保罗·克鲁格曼(原载2008年9月21日《纽约时报》)
一些怀疑者指亨利·鲍尔森的7000亿美元拯救美国金融体系的方案为“现金换垃圾”, 另一些人则称这项待审法案为对动用“金融武力”的授权,堪比对布什政府声名狼藉的入侵伊拉克计划开绿灯的动用军力的授权。
这些讽刺并非空穴来风。大家都同意,采取一些主要行动是必要的。但是, 鲍尔森先生要求特别权力: 为自己和他的继任者---把纳税人的钱投入到一个方案中, 一个据我所看没有道理的方案。
有人说,我们应该简单地相信鲍尔森先生,因为他是个聪明的家伙, 他知道他在干什么。这说法只有一半是的正确的:他的确是个聪明人,但是,确切地说,回顾过去一年半的经历---在此期间鲍尔森先生再三宣称金融危机“可控”,然后呢,他提供的是一连串失败的诊治---难道这些有理由让人相信他知道自己在做什么?他只是头痛医头,脚痛医脚,和其他庸医没什么两样。
所以还是让我们自己来清理头绪吧。我对此次金融危机有一个“四阶段”的观点:
1.破灭的房地产泡沫已经导致了拖欠房贷案和丧失抵押房回赎案激增。而这反过来又导致其价值源于以房贷偿还为支拄的有关债券的价格暴跌。
2.这些金融失败业已使得很多金融机构陷入资本金严重短缺---和负债相比,已是资不抵债。这个问题显得异常严峻, 特别是在这泡沫年代, 家家都有巨额负债。
3.由于金融机构相对其债务而言资本太少,他们不能也不愿提供经济所需的信用。
4.金融机构一直在努力尝试出售资产偿付债务,包括出售房贷抵押支持的债券。但这又驱动他们拥有的资产价格下降,并使他们的财务状况更趋恶化。这种恶性循环就是所谓的“去杠杆化悖论 ”。(paradox of deleveraging)

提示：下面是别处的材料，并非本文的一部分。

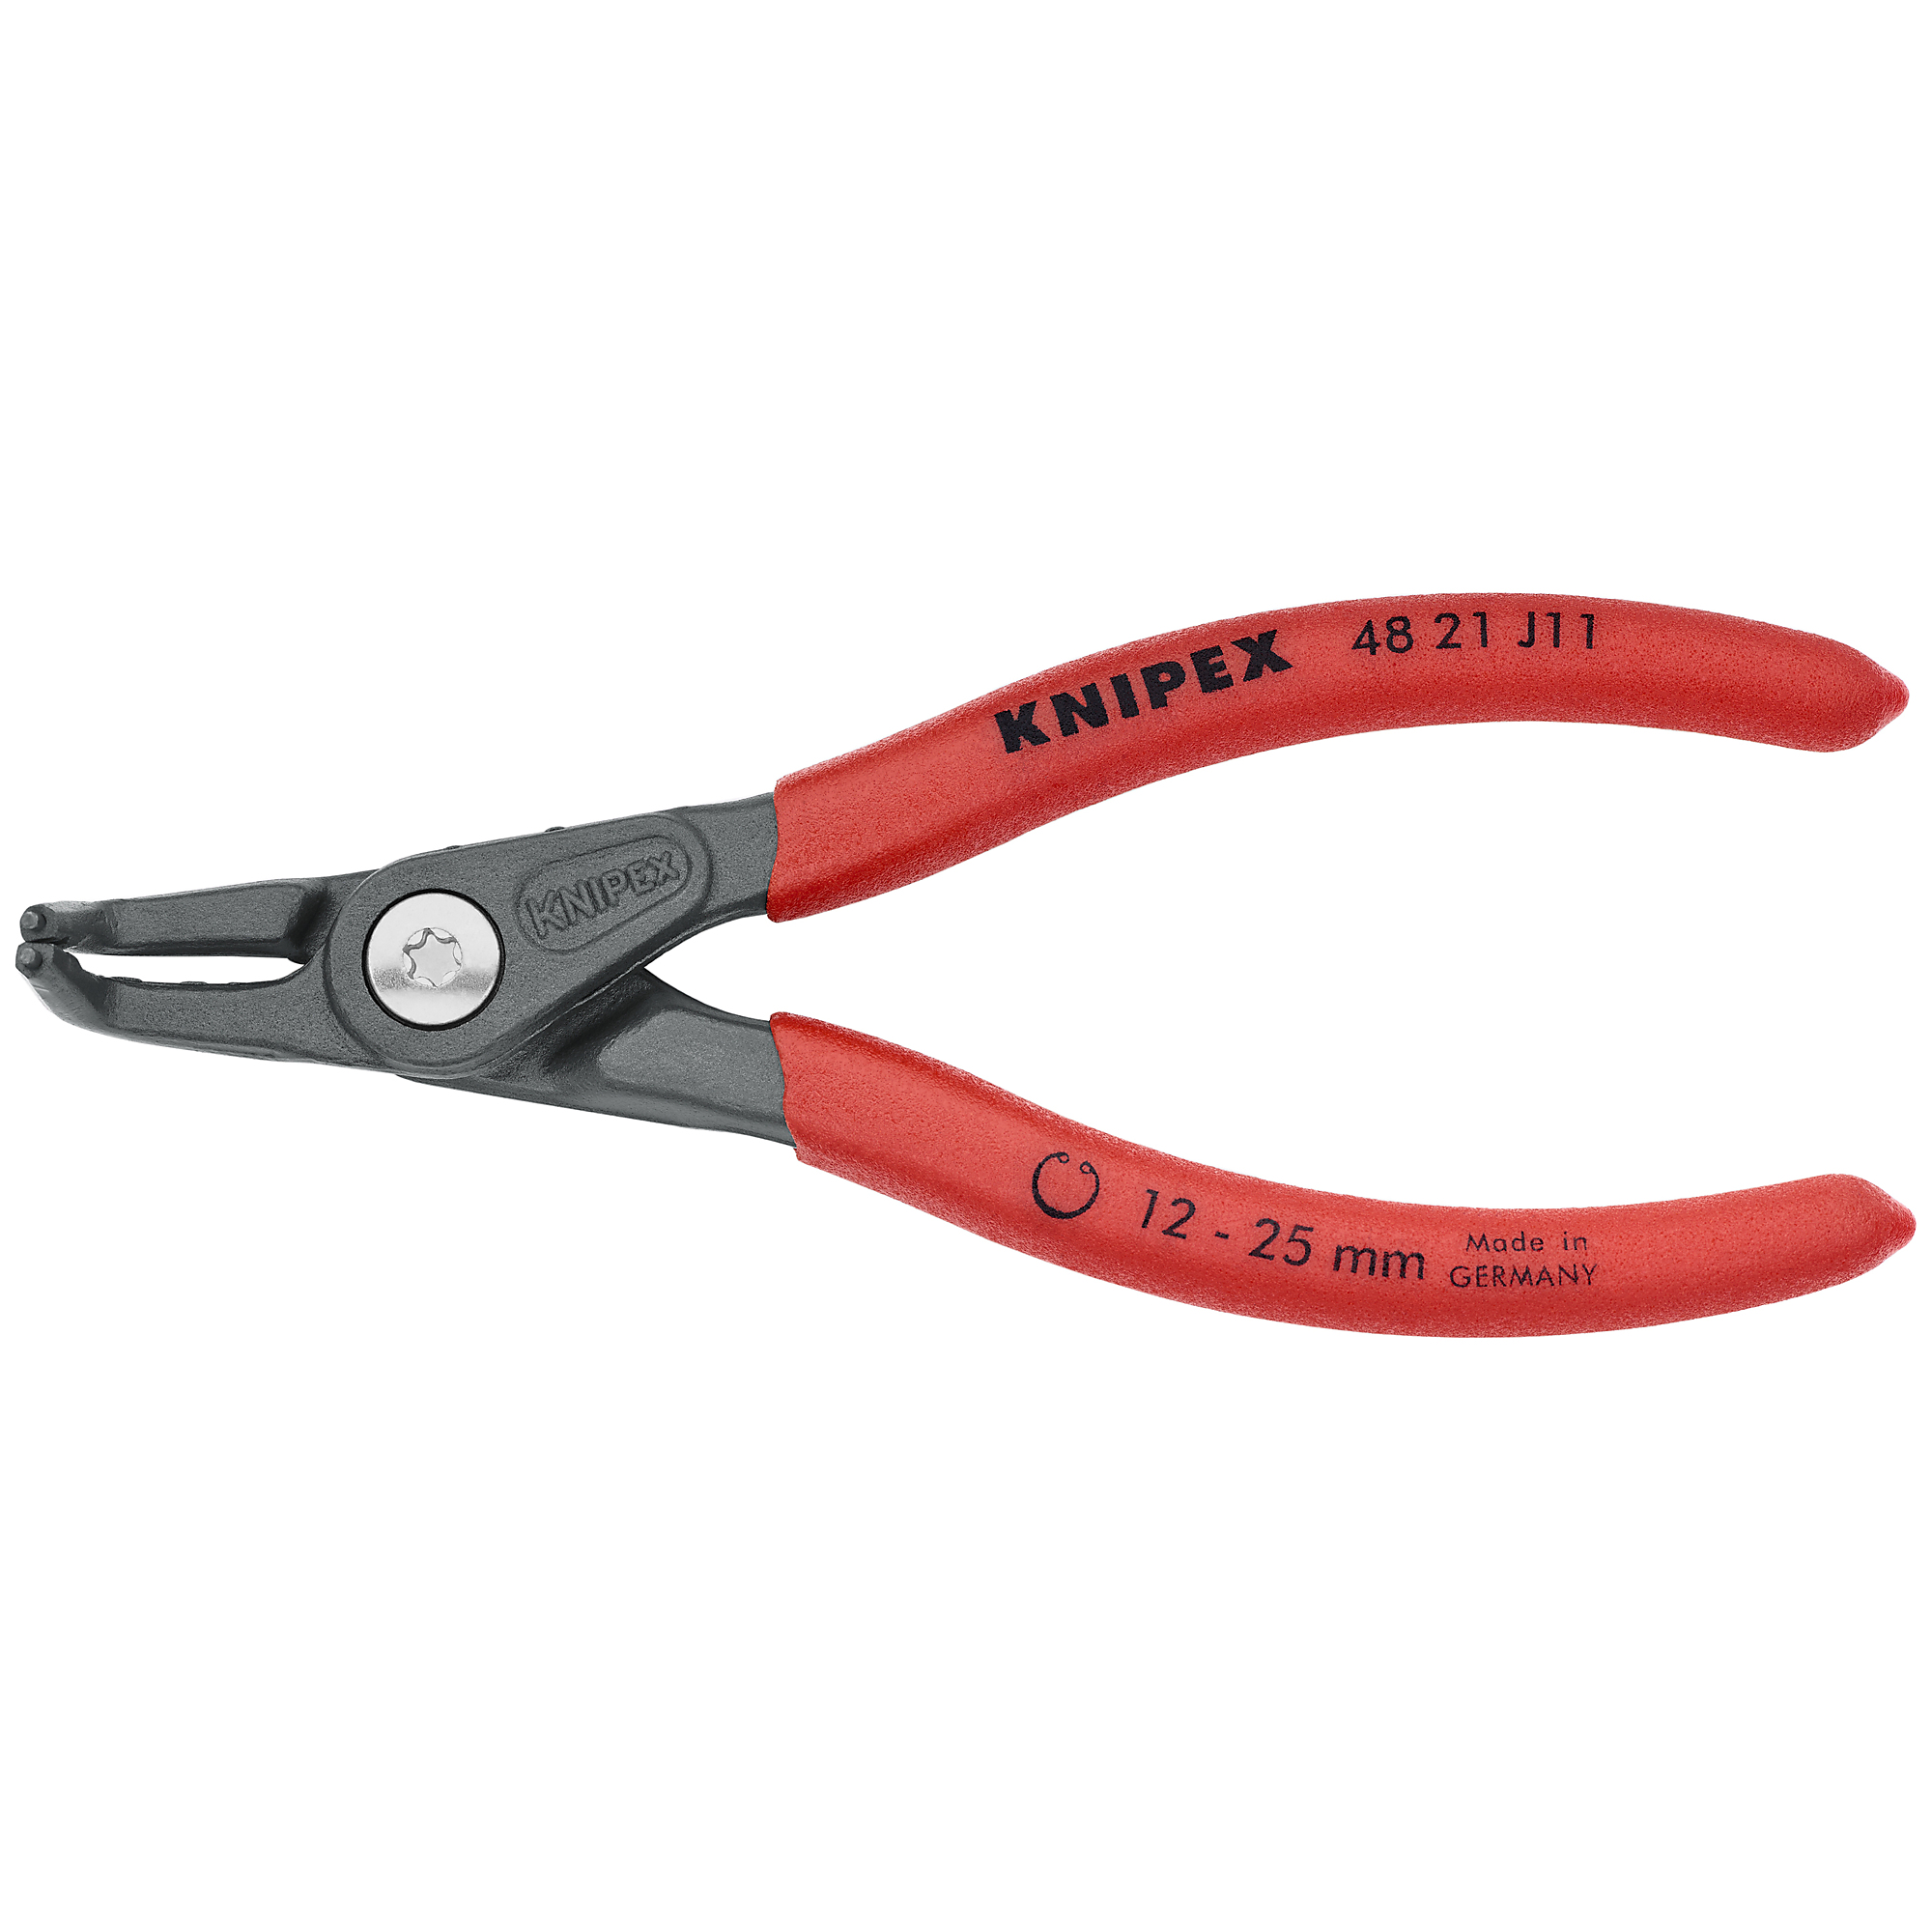 KNIPEX, Int 90Â° Prec. Snap Ring Pliers, 3/64 tip, 5.125Inch, Pieces (qty.) 1 Material Steel, Model 48 21 J11

鲍尔森计划要求联邦政府购买7,000亿美元价值的坏账,主要是住房抵押贷款证券。问题是这样做又如何解决危机呢?
那么,它可能---可能---会打破恶性循环的反杠杆化操作,也就是我的上述的第四阶段。即便是这点也不是很明晰:那么, 许多国库不打算购买的资产仍然承受作价格压力。此外,即使恶性循环被遏制住,金融机构仍然因为资本金不足而迈不开步子。

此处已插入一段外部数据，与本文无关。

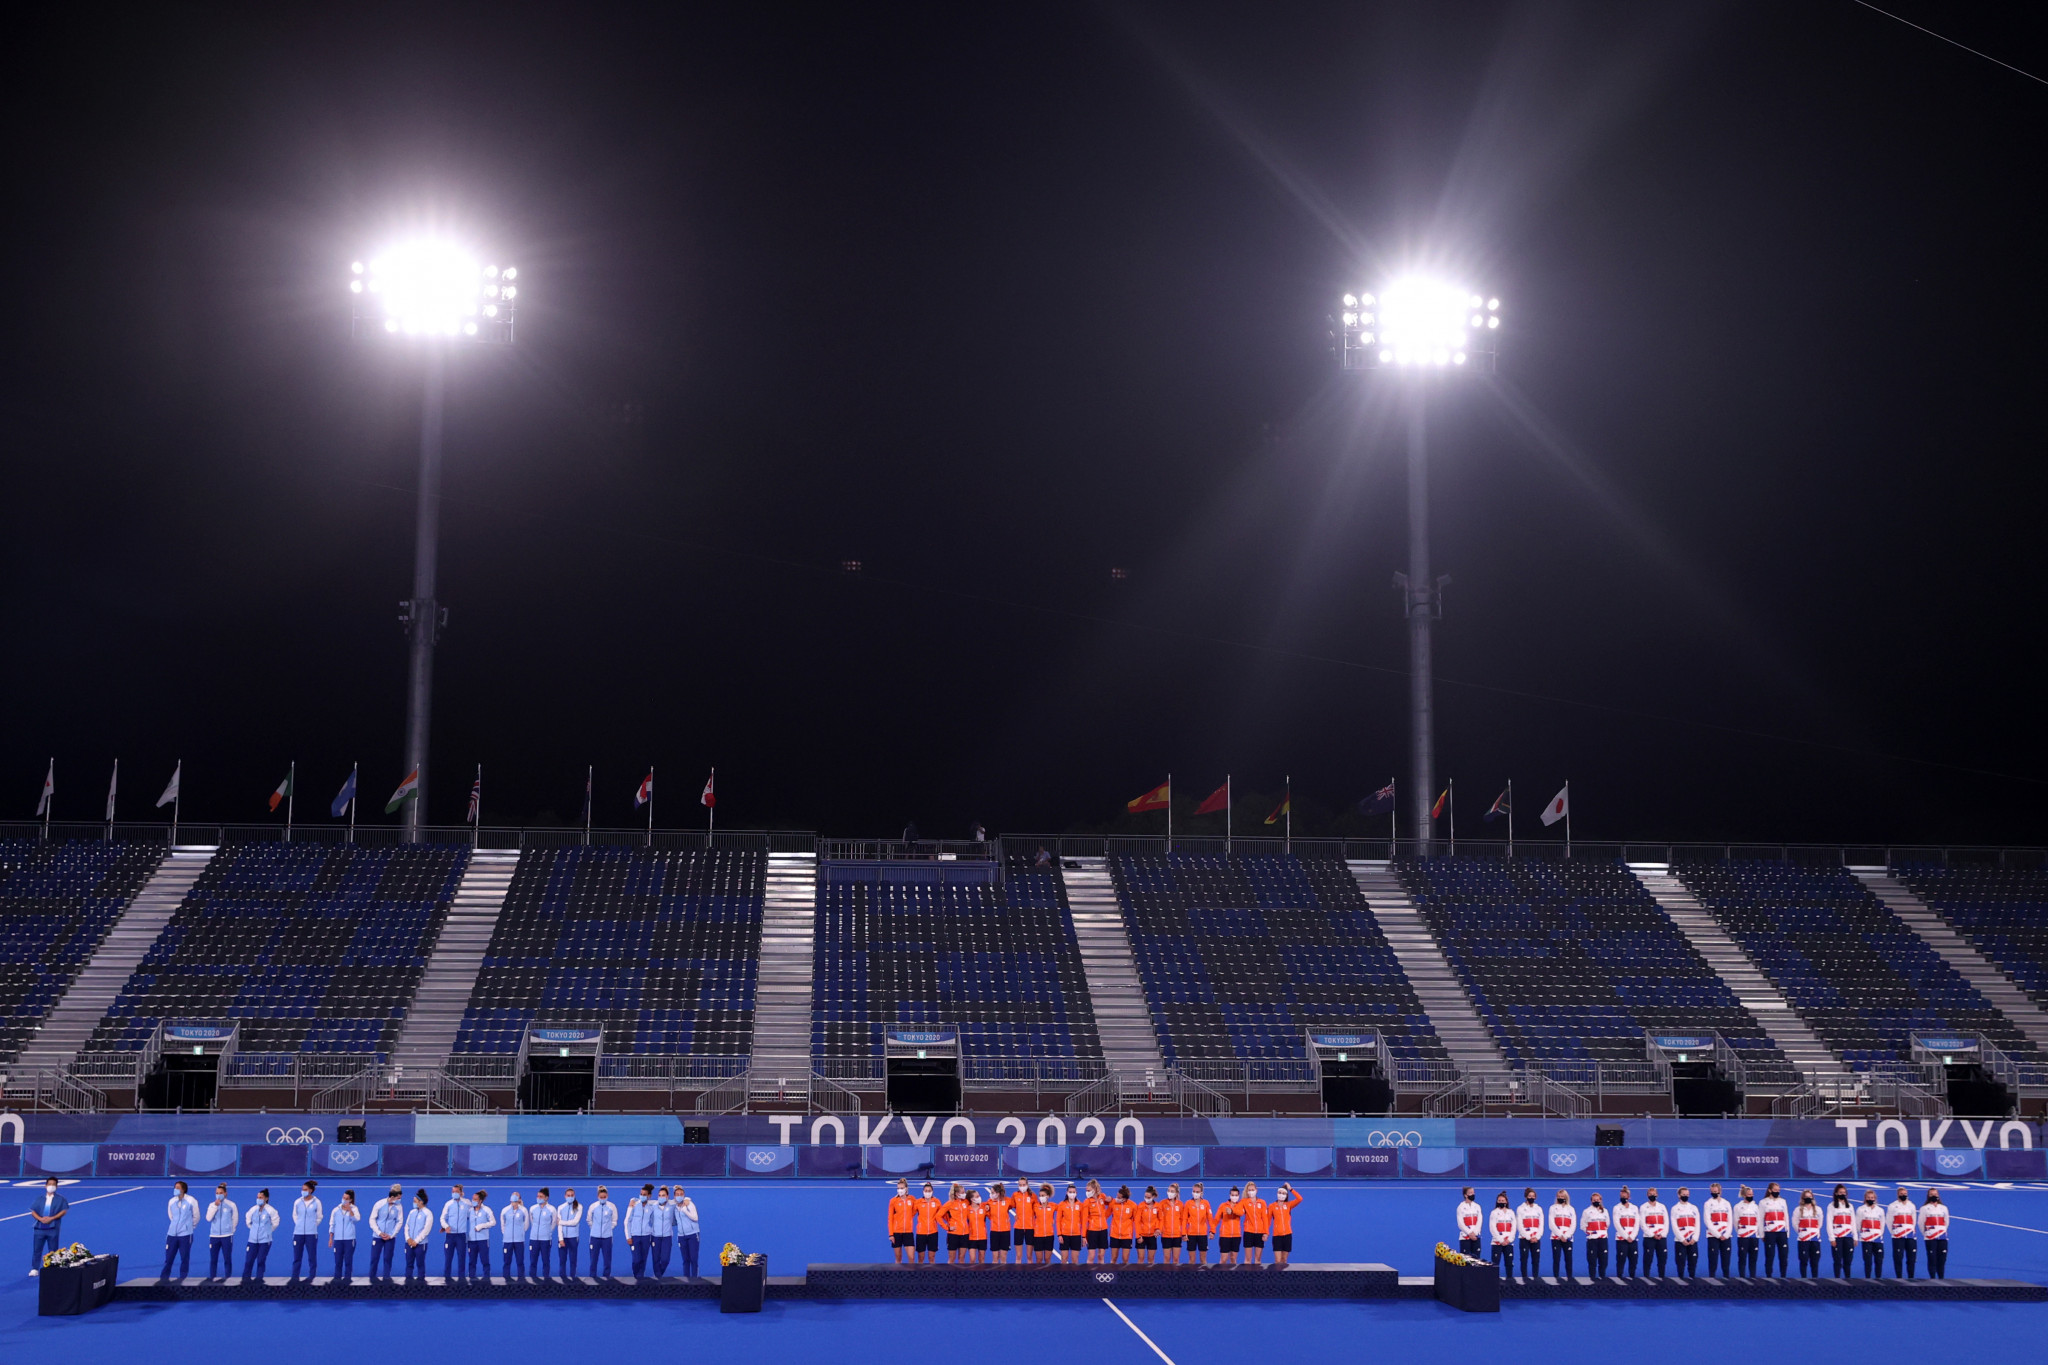 The FIH's Executive Board said the hockey competitions at Tokyo 2020 were a success despite the challenges of the coronavirus pandemic ©Getty Images

或者更确切地说,金融机构将受困于资本金不足,除非联邦政府以高于其价值的高价购买那些资产---花纳税人的钱, 给金融机构及其股东和管理层一笔暴利。我提到过我对此方案不爽吗?
看来这危机的逻辑决定了要介入的不在第四阶段,而在第二阶段:金融体系需要更多的资本金。如果政府计划向金融机构提供资本金,那么它应该得到提供资本金所应得到的:一部分的所有权,惟其如此,一旦援救方案奏效,其全部成果才不至于被那些引发糟糕局面的罪魁祸首所攫取。
这正是储贷危机 (the savings and loan crisis) 所发生的:联邦接管了坏银行 (bad banks) 的所有权,而不仅仅是接管它们的不良资产 (bad assets)。发生在房地美和房利美 (Fannie & Freddie) 的正是如此。(顺便提一下,那次营救做得恰如其分。自联邦接管后,抵押利率迅速调低。)

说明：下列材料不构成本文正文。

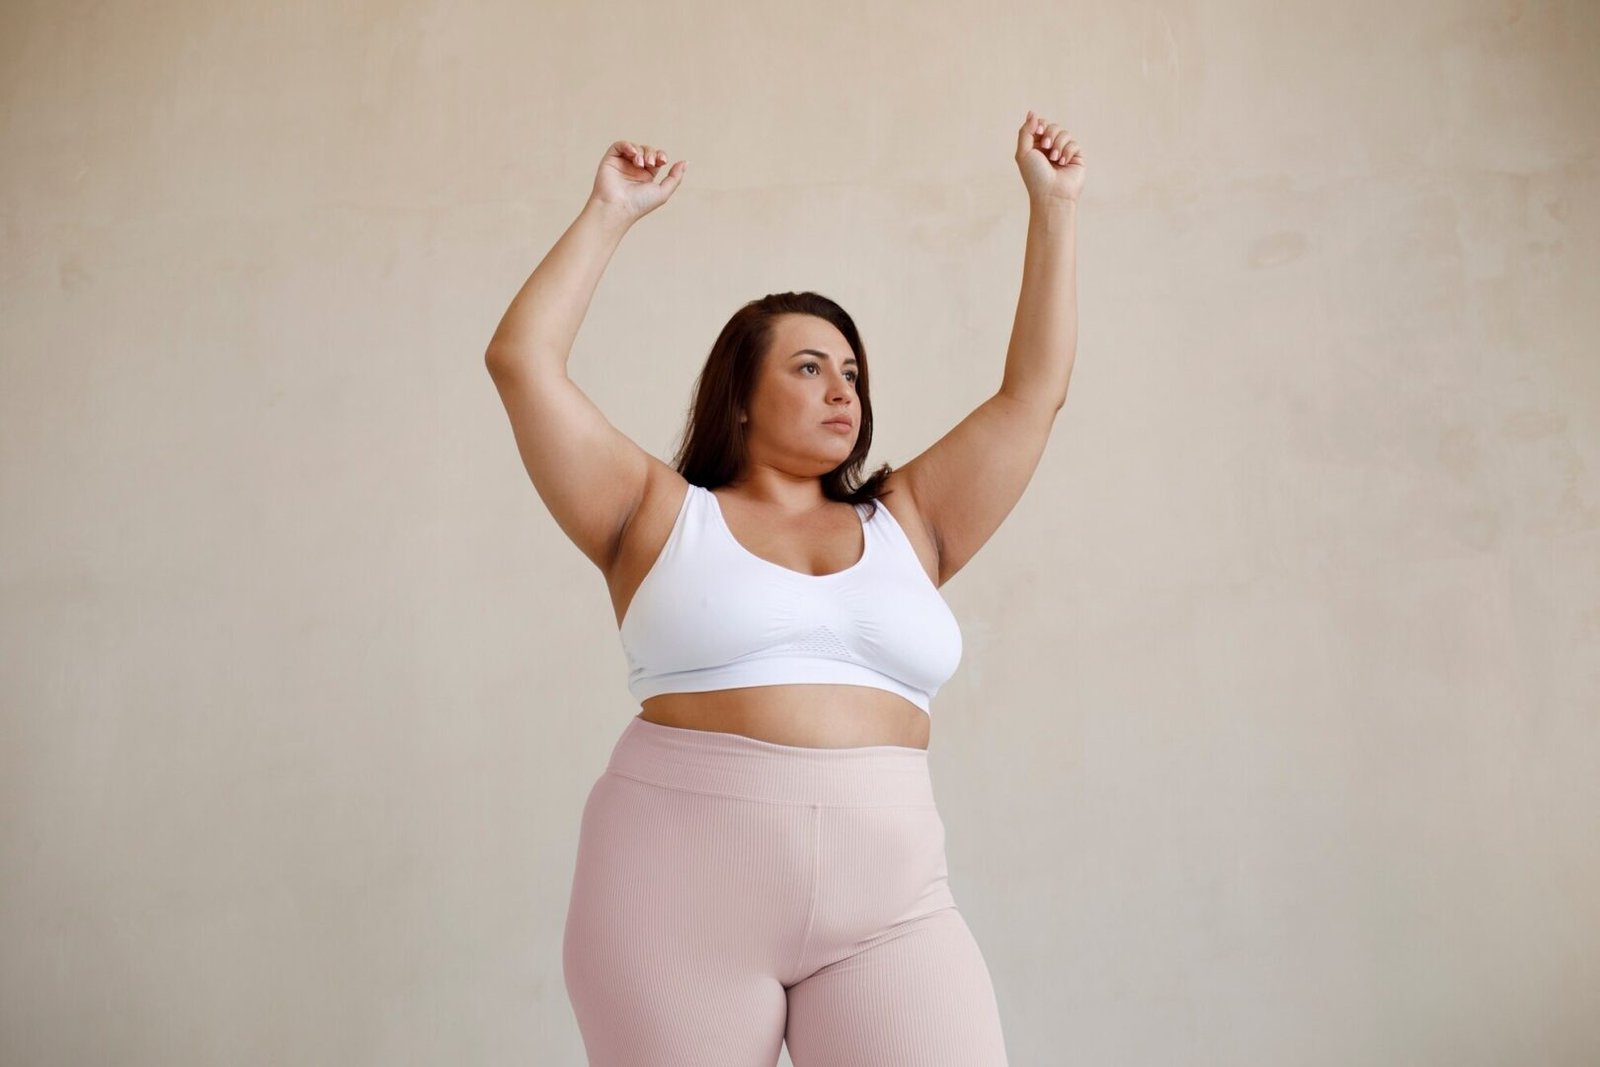 An obese young woman poses in workout clothes

但是鲍尔森先生坚持他想要一个“干净”的方案。“干净”的言外之意是要纳税人没有附加条件, 没有任何补偿地为紧急救援买单。难道说这是一件好事?加上保尔森先生要求独裁的权力,再加上他要求免除“任何法庭或任何行政机构”的复审---这一切构成了一个令人不可接受的方案。
我知道国会面临着巨大的压力, 要求其在未来几天里批准鲍尔森方案---也许会有一点小小的修改使之稍微不那么坏。根本上说,在花了一年半时间告诉每一个人事情“可控”之后,布什当局宣称天就要塌了,为了拯救世界就必须确切地按照方案所要求的去做, 立即做, “ 现在, 而今, 眼目下。”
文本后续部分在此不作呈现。